Action at law to recover for services rendered by plaintiff as sheriff of the defendant county. The cause was tried to the court without a jury, and judgment rendered for plaintiff. Defendant appeals. The facts of the case appear in the opinion.Moore & Hammond, for appellant.

William McNett and H. B. Hendershott, for appellee.

BECK, J.

1. The petition alleges that plaintiff, between the nineteenth day of September, 1878, and the seventh day of April, 1879, was acting sheriff of Wapello county, and in the discharge of his duties as such officer he rendered certain services, and expended certain sums of money, for which, together with an amount due him as salary, he seeks to recover in this action. The answer denies the allegations of the petition, and avers the facts connected with plaintiff's claim to be substantially as set out in the finding of the court, which will hereafter appear. It further alleges that plaintiff performed the services, and made the expenditures sued upon, as deputy of the sheriff of the county, and that whatever claim he has therefor should be made against and adjusted with the sheriff for the services and outlays in question. Upon the issues thus presented the cause was tried to the court.

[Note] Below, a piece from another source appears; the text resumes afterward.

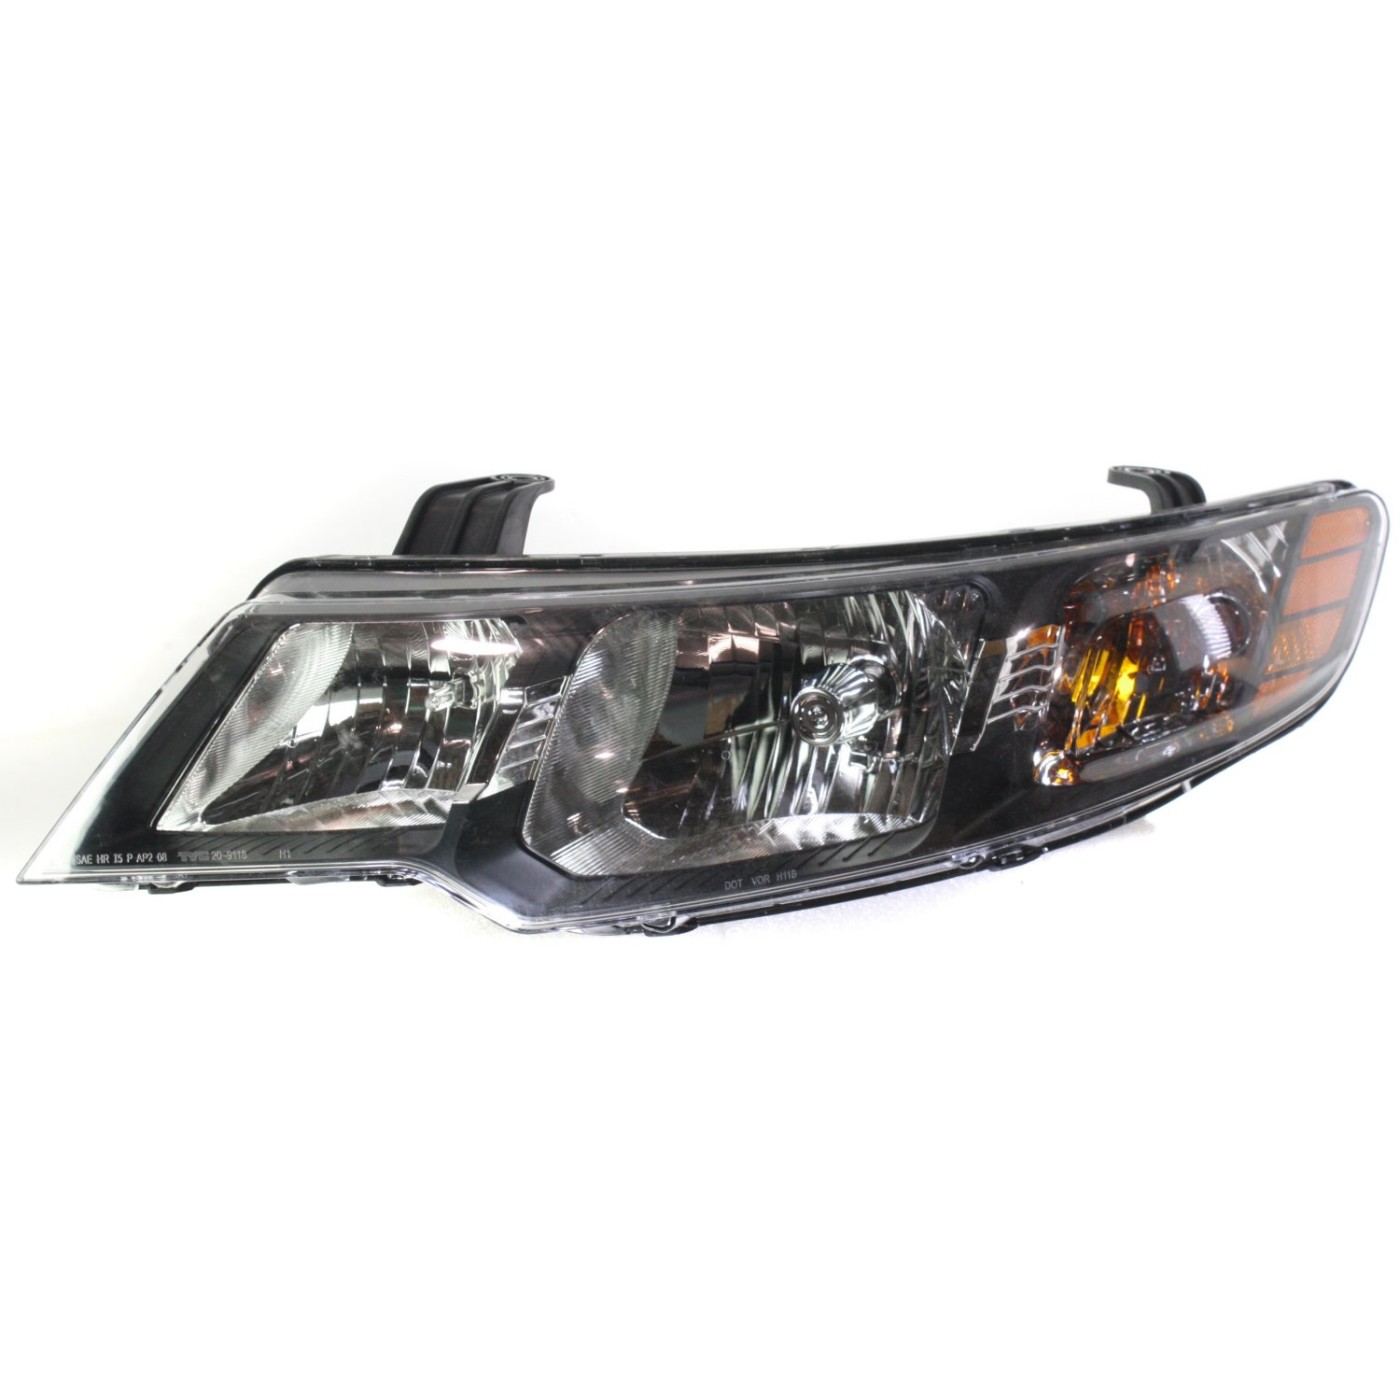 Headlight Set For 2010-2011 Kia Forte Left and Right With Bulb 2Pc | eBay

2. The plaintiff filed an amended abstract setting out the facts and conclusions of law found by the district court, which defendant moved to strike, for the reason that neither of the parties requested the court to make such findings. In support of this motion, counsel for defendant insist that to authorize the court to find specially the facts and conclusions of law, a request therefor must be made at least by one of the parties to the action. This position is based upon Code, § 2743. For the purposes of this case we may admit--without, however, so deciding--that this position is correct. But, as the court has made the finding in the absence of a contrary showing in the record, we will presume it was done in pursuance of the request of one of the parties. Acts of the court of this kind, done in the progress of a case, are presumed to be in accord with the law. Presumption as to the regularity of the proceedings of courts will always be exercised; errors in such proceedings must always be affirmatively shown. Under these familiar rules we must regard the findings of the court as authorized by the statute, even if it bear the construction insisted upon by defendant's counsel. The motion must be overruled.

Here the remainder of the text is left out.